Haru içini okumuştu sanki, kendisi için endişelendiğinin farkındaydı Nori'nin. Hoşuna gitmişti bu durum ama sessiz kalmayi tercih etti.
-Cephanelik nerde ?
-Şurda.
Nori'nin gösterdiği odaya doğru yürüyen Haru kapısını açamayınca yardım eden Nori açtı kapıyı sonuna kadar. İçeri giren Haru etrafa bakarken eşikten içeri girmiyen Nori Haru'yu izliyordu. Duvarda asılı olan otomatik tüfeklere, sandıklardaki diğer silah ve ekipmanlara bakan Haru Nori'ye dönüp tebessüm ederek
-Burası dolu dedi.
-Boşaltmak istiyen oldu ama izin vermedim.
-Ne demek o ?
-Birileri geldi ben burdayken, hepsini öldürmek zorunda kaldım.
-Hayat kurtarmak tek iyi olduğun şey değil sanırım.
-Bilmem, belkide sadece kendimi öldürtmeye çalışıyordum.Konunun Nori'nin üzüleceği yerlere gittiğin farkındaydı Haru hemen konuyu değiştirip
-Hepsi bu kadar mı ? diye sordu.
-Çatıda bi tane sniper, iki sandık dolusu otomatik tüfek ve cephane var.

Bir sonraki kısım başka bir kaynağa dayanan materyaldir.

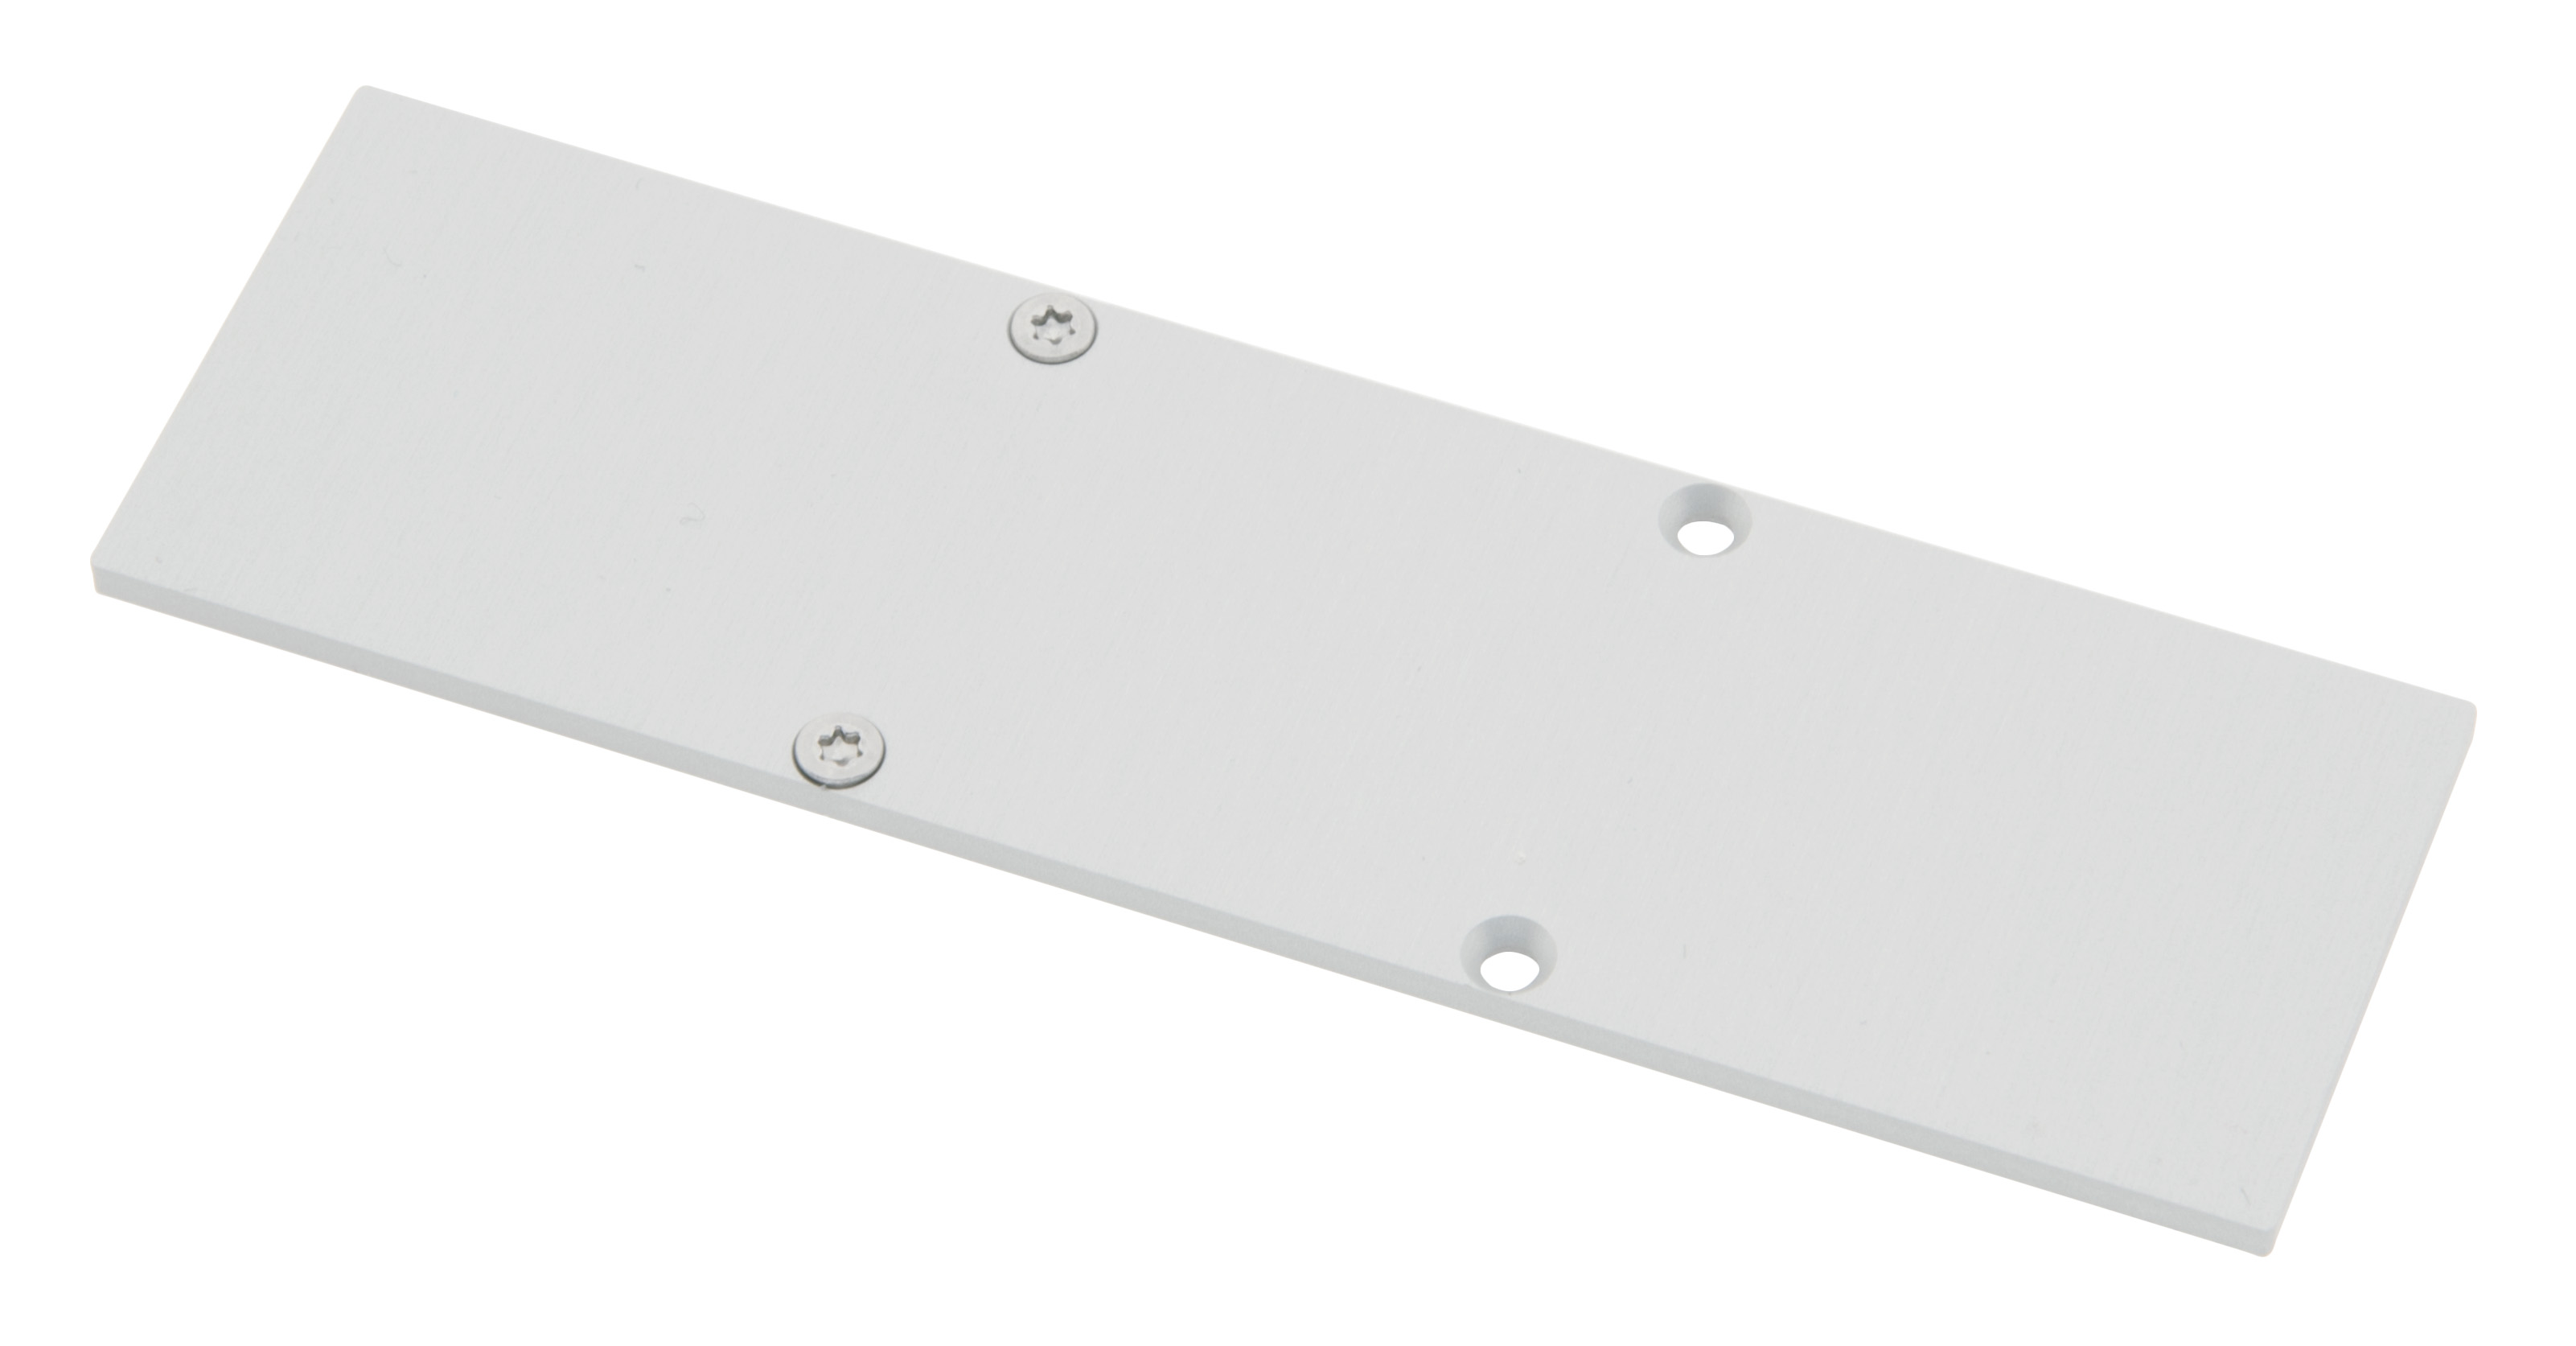 1 Stk Profil Endkappe CLW Eckig geschlossen inkl. Schrauben LIEK006520

-Tek başına taşıman zor olmalı.
-Yapıcak başka bişey yoktu zaten.O an durdu Haru
-Beni karakoldan çıkan birisi vurdu. Bidaha gelicekleri yer burası o zaman.
-Daha önce gelip alamadılar, bidaha geliceklerinden emin misin ?
-Kolay kolay durucaklarını sanmam.
-Yeterince cephane var, sürüde dışarıdayken gelmeleri pek mümkün değil gibi.Koridorun sonunda yangın merdivenlerine çıkan kapıyı açıp sürüyü gözetlemeye başlarken elini karnındaki yarasına götürdü Haru. Acı çektiğini fark eden Nori koluna girip içeri girmesine yardım ederken kapıyı kapattı.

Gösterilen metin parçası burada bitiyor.